Когда верхняя одежда была снята и по плечам ночной пришелицы раскинулись черные кудряшки, на меня, в свете тлеющей печурки, стыдливо глянуло красивое, хотя и заплаканное личико, а в хрупком теле угадывалась приятная фигуристость. Я подбросил дровишек и, чтобы не смущать ее, откинулся на лежак, укрылся с головой шинелью. Конечно, сквозь прорези петлиц мне хорошо была видна ее спина. Она оглянулась и, убедившись, что не смотрю на нее, стала быстро снимать мокрую гимнастерку. Круглые покатые плечи и голые руки мягко зарозовели в отсветах пламени. Она повесила на протянутый перед печуркой кабель свои вещи и, свернувшись калачиком, легла на соседний лежак, продолжая дрожать всем телом. Я снял с себя шинель и укрыл ее сверху.
– А как же вы? Вам же холодно!
– Не могу же я тебя голую под шинель взять.
– А мне все равно холодно, – по-детски пожаловалась она.
– Тогда иди ко мне, и будет тебе от меня тепло.
К удивлению, девушка перепрыгнула на мой лежак и, прижавшись мокрой грудью к моей спине, продолжала мелко дрожать. Скажу тебе откровенно, продолжал мой товарищ, страшновато мне было, да и стыдно немного. Я хоть и храбрился, а на самом деле никогда ранее ни с одной девушкой так близко не бывал.

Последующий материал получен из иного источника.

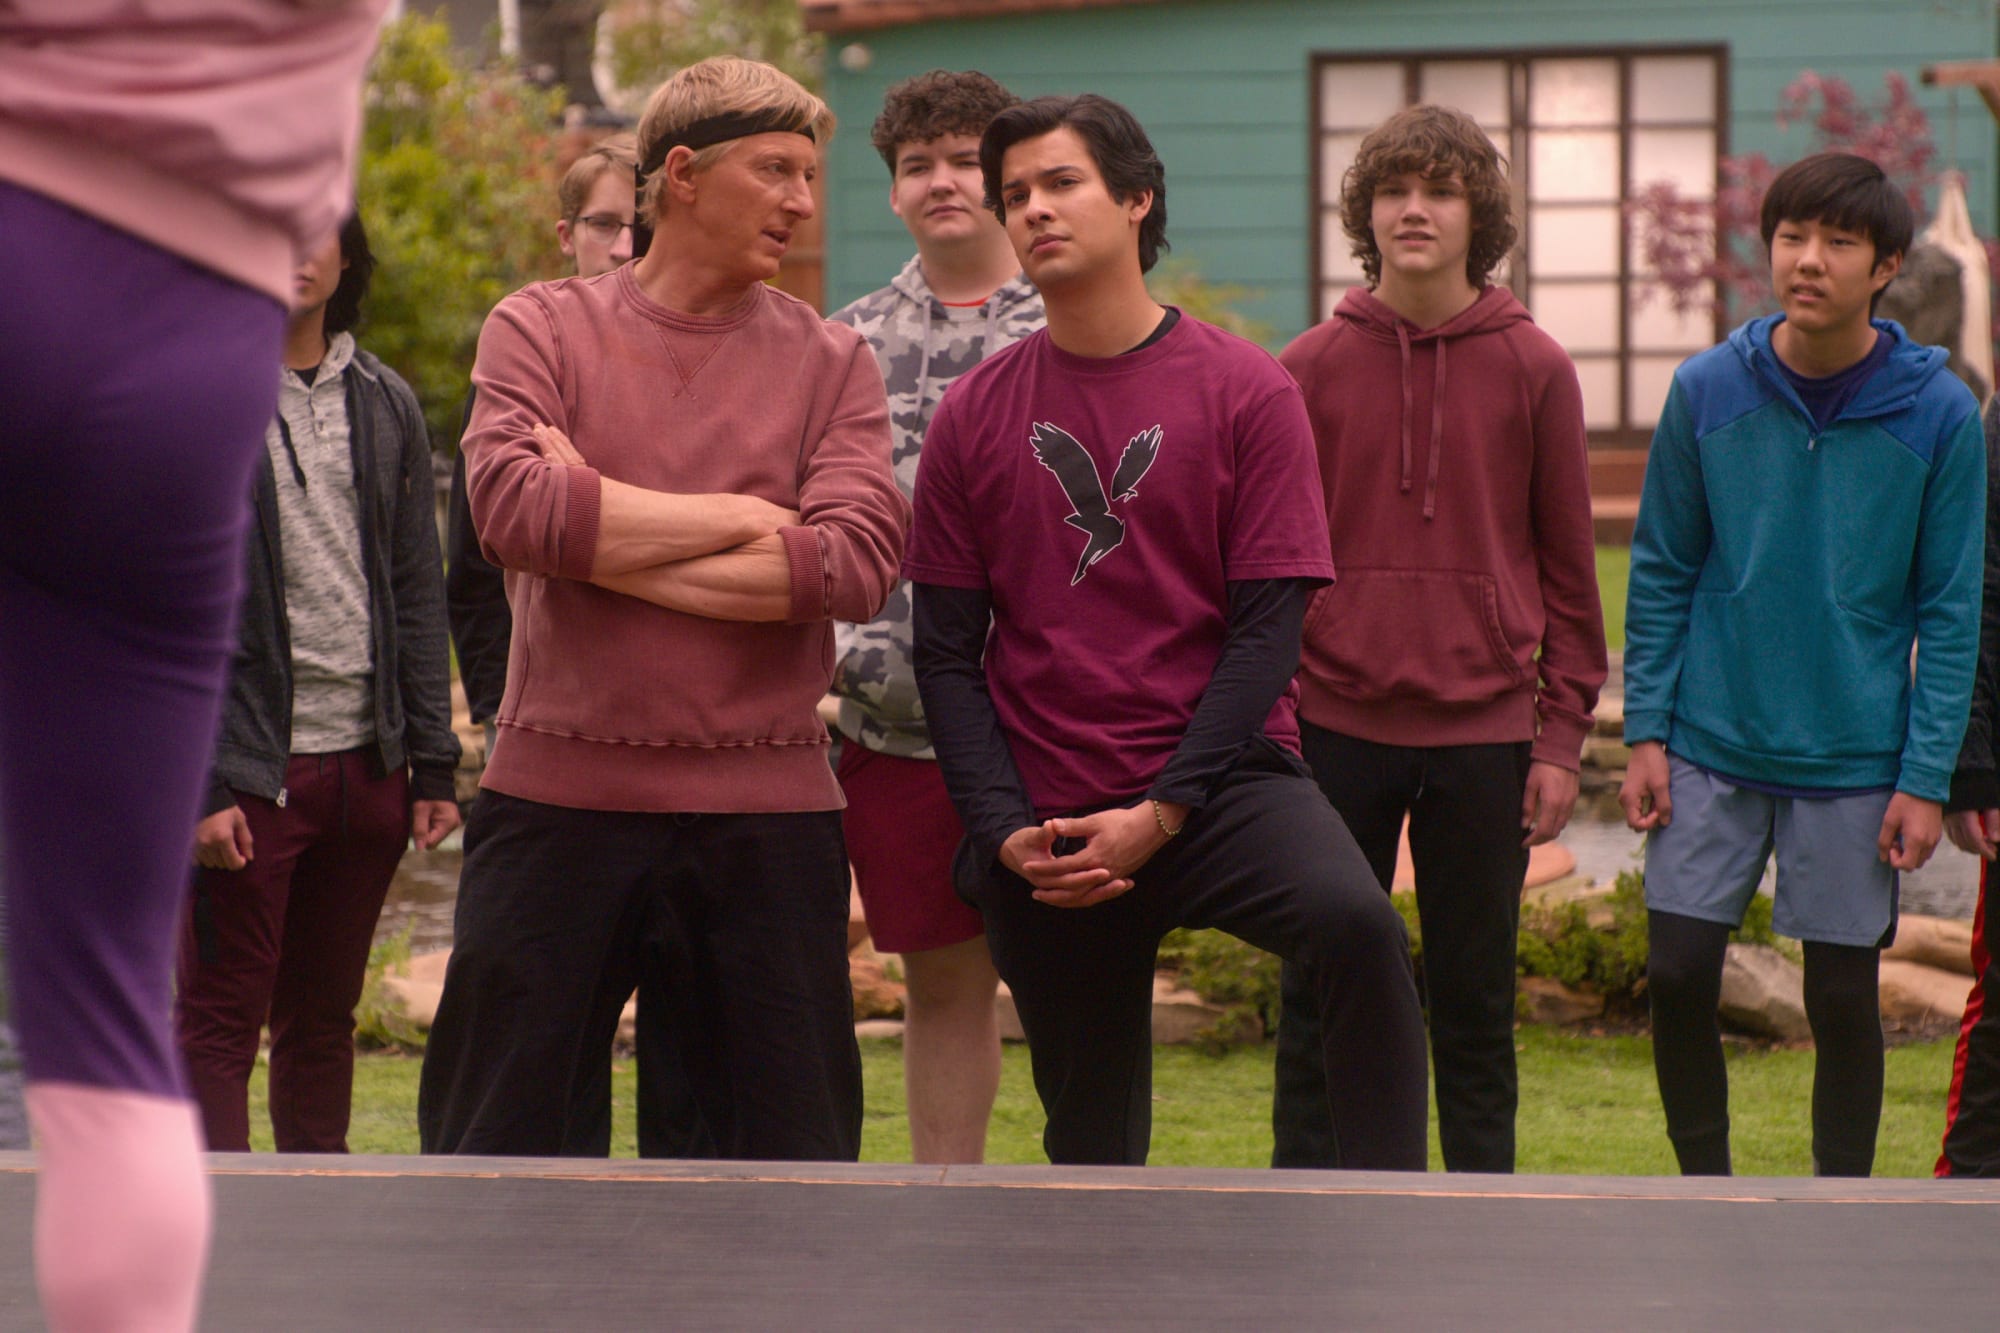 In Cobra Kai All Valley Tournament Season 4, Miguel vs Robbie. Can Miguel  use the pressure points that Chozen taught Daniel in the All Valley  tournament? Why? - Quora

– Это я из-за вас так промокла, все искала вас – думала, уже не найду. Обидно было бы. Конечно, меня накажут. Ну и пусть! – призналась она.
– Да откуда же ты меня знаешь?
– А вы приходили к нашему командиру, вот я вас и видела.
– Я тоже тебя вспомнил. А почему ты тогда под дождем сидела?
– А не могу я с подполковником вместе сидеть, он привязывается ко мне. Нужен он мне, старый. Мне хотелось на вас посмотреть. Понравились вы мне, вот я вас и искала. А вы хотели прогнать меня.
– И вы мне тогда понравились, – перешел я тоже на «вы», разговаривая уже на равных, а не как офицер с солдатом.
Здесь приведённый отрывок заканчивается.